DARIAH-DE / TopicsExplorer

Explore your own text collection with a topic model – without prior knowledge.
https://dariah-de.github.io/TopicsExplorer
Apache License 2.0
62 stars 10 forks source link

encoding error not visible in TopicsExplorer #57

Closed MHuberFaust closed 5 years ago

MHuberFaust commented 6 years ago

encoding Errors produced by read_files() are not visible in TopicsExplorer.

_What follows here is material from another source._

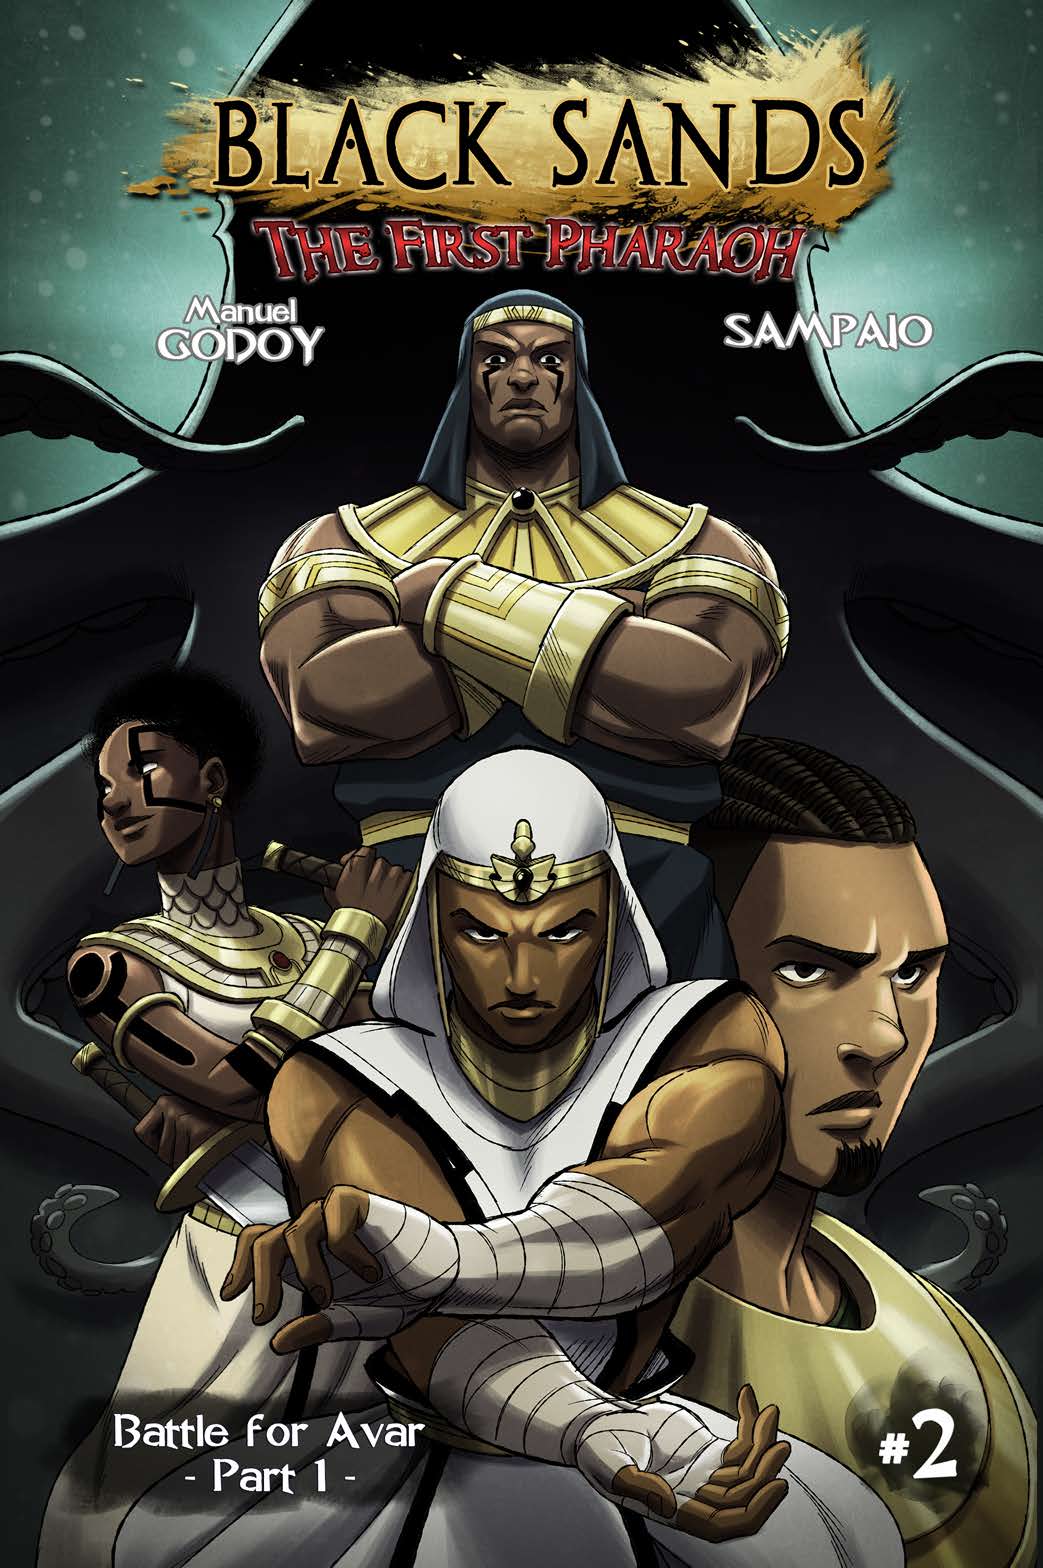 Black Sands, the First Pharaoh #2

severinsimmler commented 6 years ago

How exactly did that turn out? And what do you mean by read_files()? Because it is a web application, the hard disk cannot be accessed directly for security reasons. The user has to select the files, which are then fetched by Flask in binary format and decoded here with UTF-8:

https://github.com/DARIAH-DE/TopicsExplorer/blob/cdefcdc64ef8fafeded59d0c975f03f71a06a14c/application/modeling.py#L70

MHuberFaust commented 6 years ago

it stopped at "reading files" (or sth like that), flower still turning, just no progress. I tried to circumvent the problem by using the notebook... that's why I figured it had something to do with read_files(). So it probably needs an exception to test on correct encoding

severinsimmler commented 6 years ago

Do you have any details on the files? In v0.1.6, the file name currently being processed is displayed on the GUI. Since the text files are sent to localhost, this can take a while for large files. The entire workflow (including reading files) is in a large try block. This means that if an error should occur, this will always be indicated. If it just seems to freeze, everything still works correctly.

If you have the data (or the contact details of the person affected), I would try to reproduce it with the developer version and can probably tell you more.